First posted 08:23pm (Mla time)
Sept 12, 2006
By Armand Nocum
Inquirer
THE Professional Regulatory Commission (PRC) and the Board of Nursing (BON) asked the Court of Appeals Tuesday to lift its order stopping the oath-taking of about 17,000 new nurses who passed the scandal-tainted nursing licensure examinations last June.
In a 48-page comment, the PRC and BON, through Solicitor General Eduardo Nachura, questioned the legal standing of the University of Santo Tomas’ College of Nursing Faculty Association, the League of Concerned Nurses and the Binuklod na Samahan ng mga Student Nurse to seek the temporary restraining order.
The groups had asked the court to stop the August 22 oath-taking of those who successfully passed the nursing exam.
They also asked the court to strike down a BON decision to merely re-compute the grades to arrive at the passing score and order a re-examination of those parts of the test that were tainted by cheating.
The appellate court obliged by issuing a 60-day temporary restraining order last August 18.
According to Nachura, the petitioners were not able to prove that they would suffer actual injury arising from the PRC and BON decision not to order a re-examination.
He said that two of the petitioners were not even registered nurses or candidates who took the June exam.
“Even if they were, they have utterly failed to prove that their right to life, liberty and property is impaired or in danger of being impaired, their reputation in the nursing or academic community prejudiced, or their financial or economic status diminished,” Nachura said.
He said it was the 17,821 board passers who should be considered the real parties in interest.
“Their right to the unimpeded pursuit of their profession is at stake.
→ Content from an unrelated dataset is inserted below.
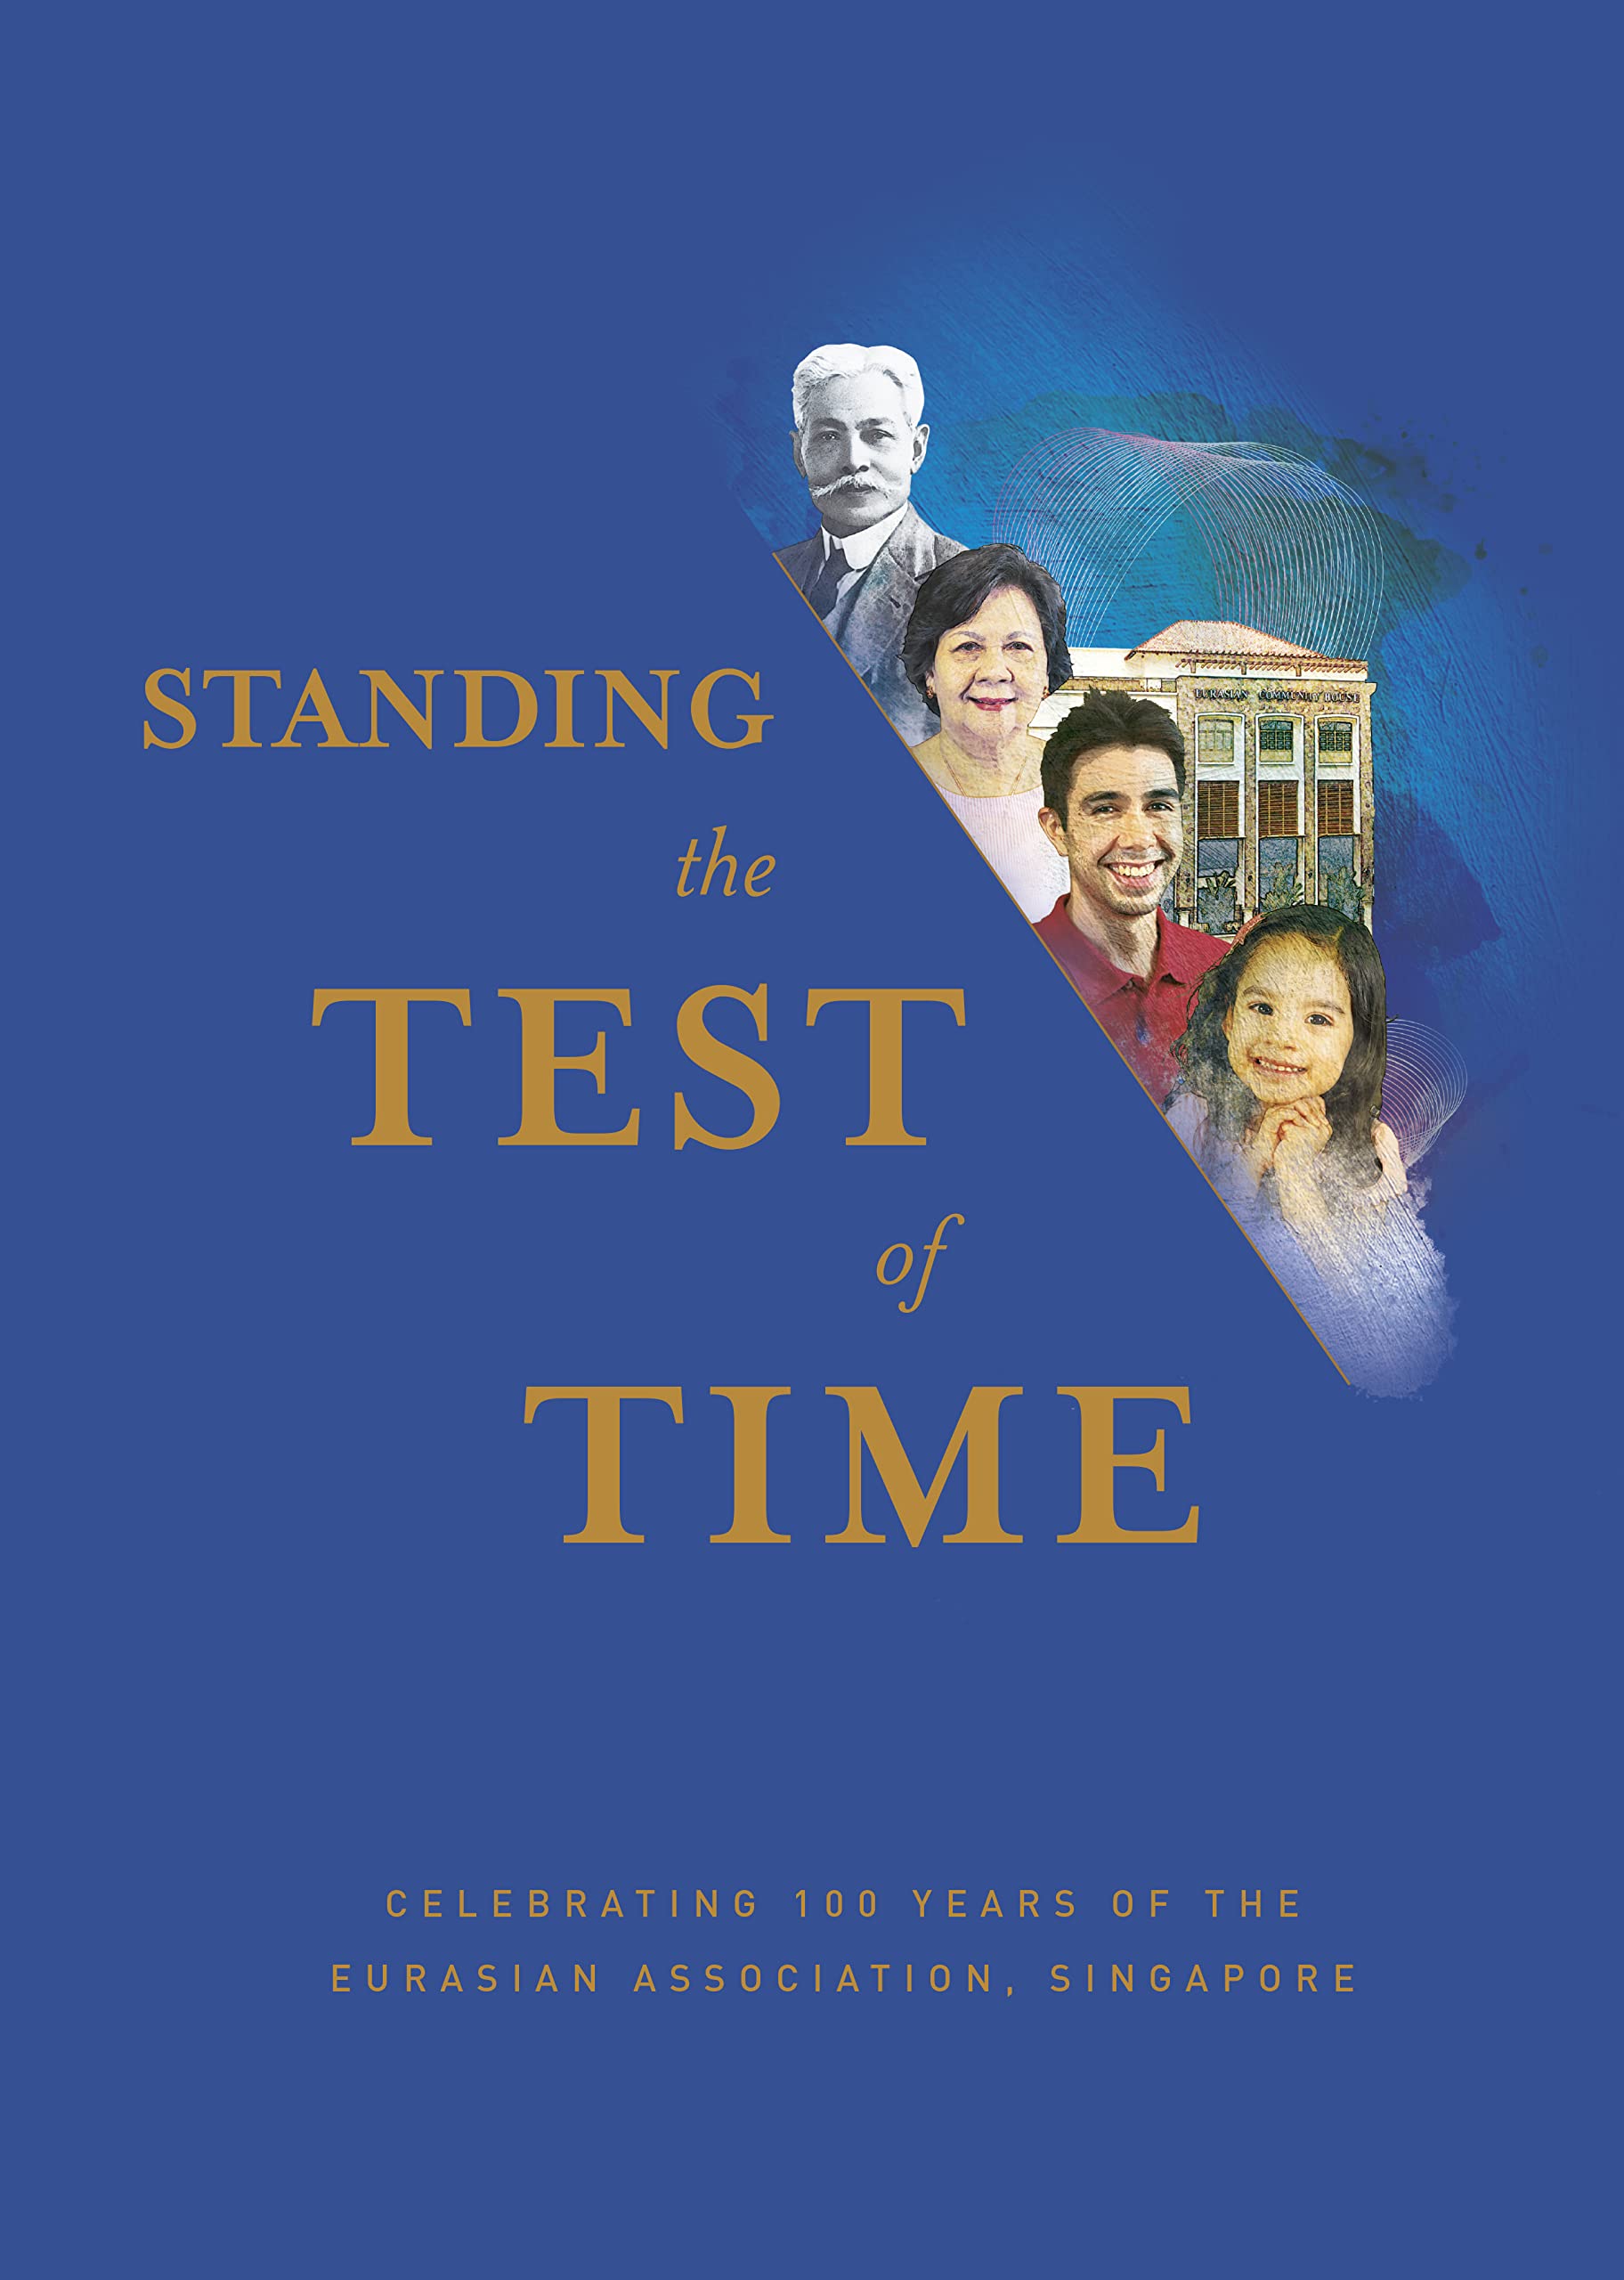 Standing the Test of Time: Celebrating 100 Years of the Eurasian Association, Singapore

They are the real parties in interest bound to be prejudiced or benefited by any judgment in this action,” said Nachura.
The failure to include them in the petition warranted its outright dismissal, he said.
PRC and BON officials defended their decision to address the cheating issue through a statistical averaging of the test results instead of requiring a retake of parts IV and V of the test.
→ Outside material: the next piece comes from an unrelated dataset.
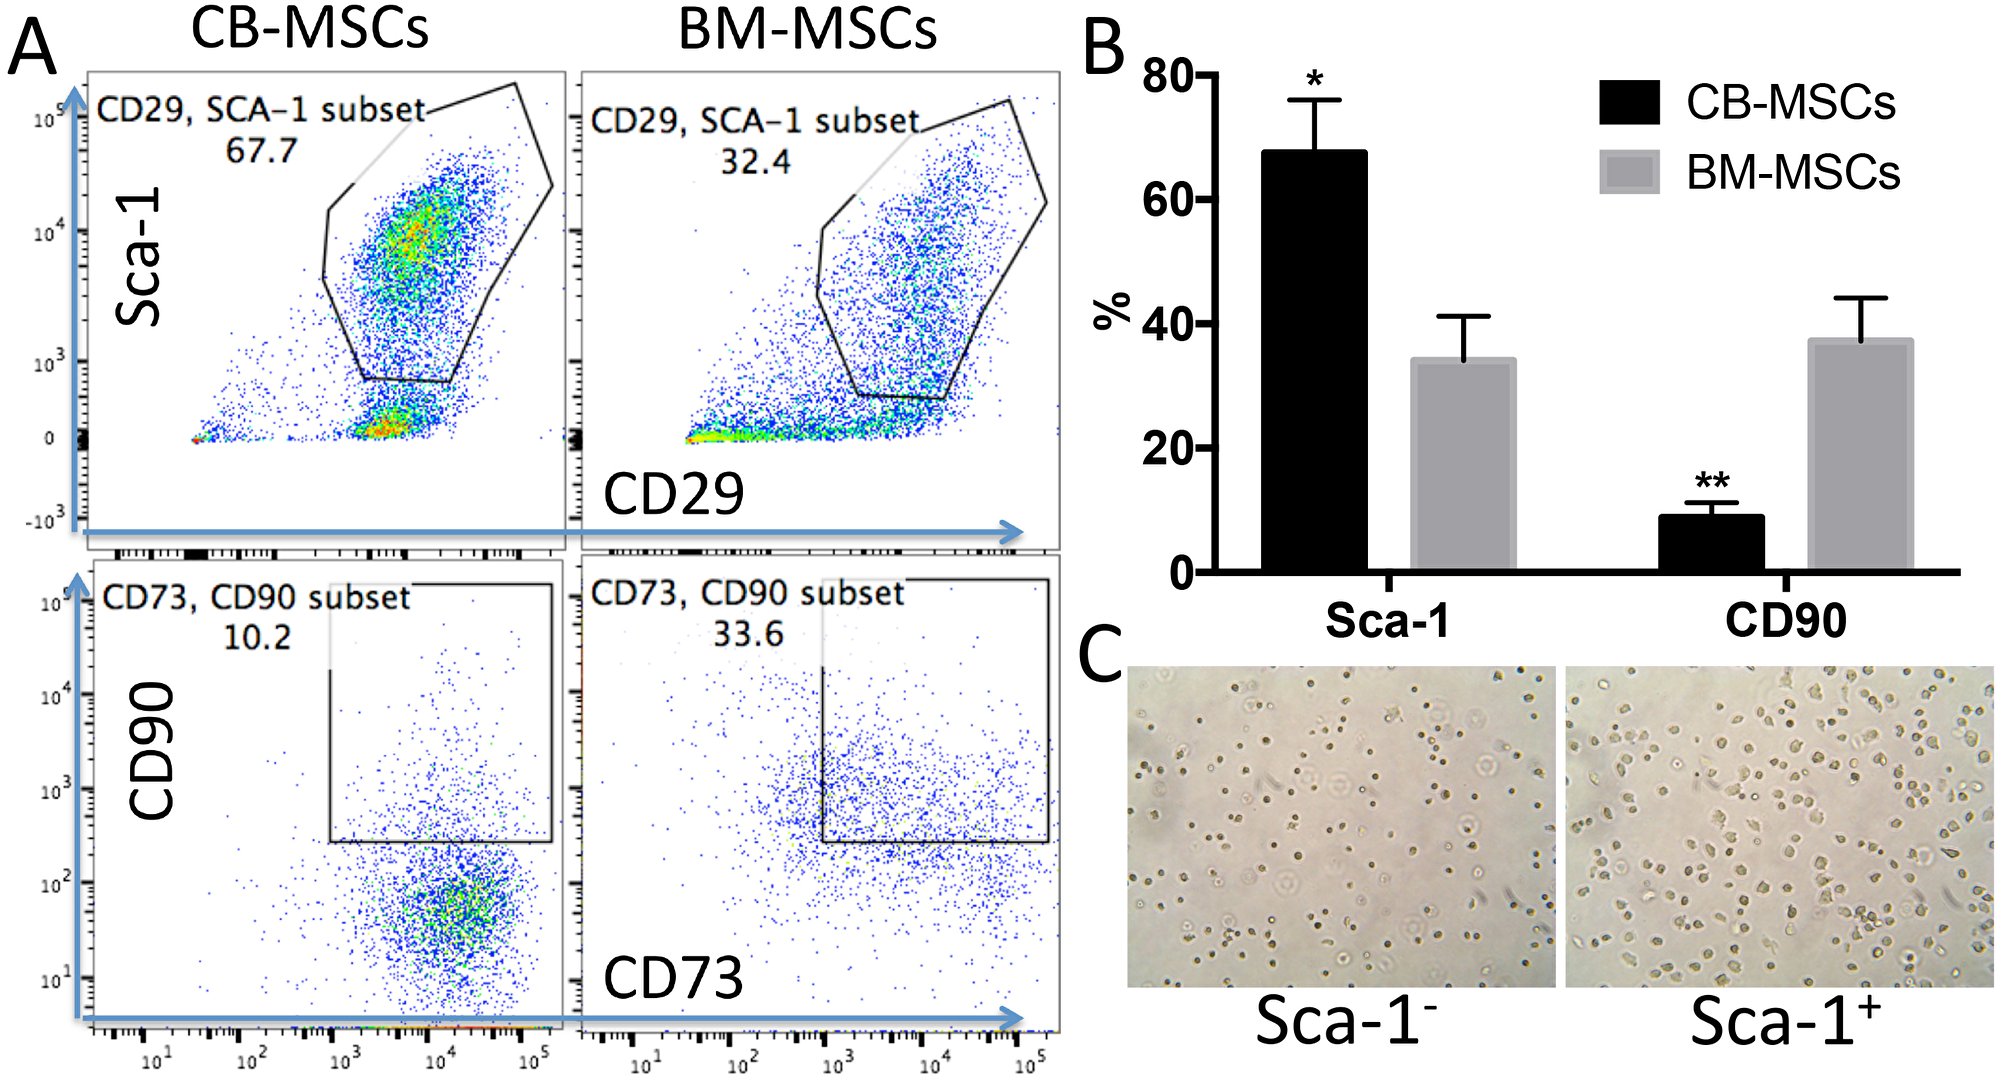 CB-MSCs express higher Sca-1 and lower CD90 compared to BM-MSCs.

They said their move was based on “widely accepted and established methods of statistics, testing and evaluation, consistent with their mandate to protect the integrity of every professional licensure examination, taking into consideration public interest, public health, and public safety.”
They said their decision against a partial retake of the nursing examination had a precedent in the similarly tainted 2003 bar examinations.
In the latter case, the Supreme Court nullified and ordered a retake of the mercantile law exam because of a reported leak of test questions.
But due to various petitions assailing the order for a re-examination, the high court canceled the retake and instead decided to allocate the 15 percent mercantile exam points among the seven other subjects.
Nachura argued that a retake of the examinations would have cost each of the examinees 82,000 pesos and the government 11.3 million pesos, apart from the physical and emotional distress the nursing graduates would have to bear.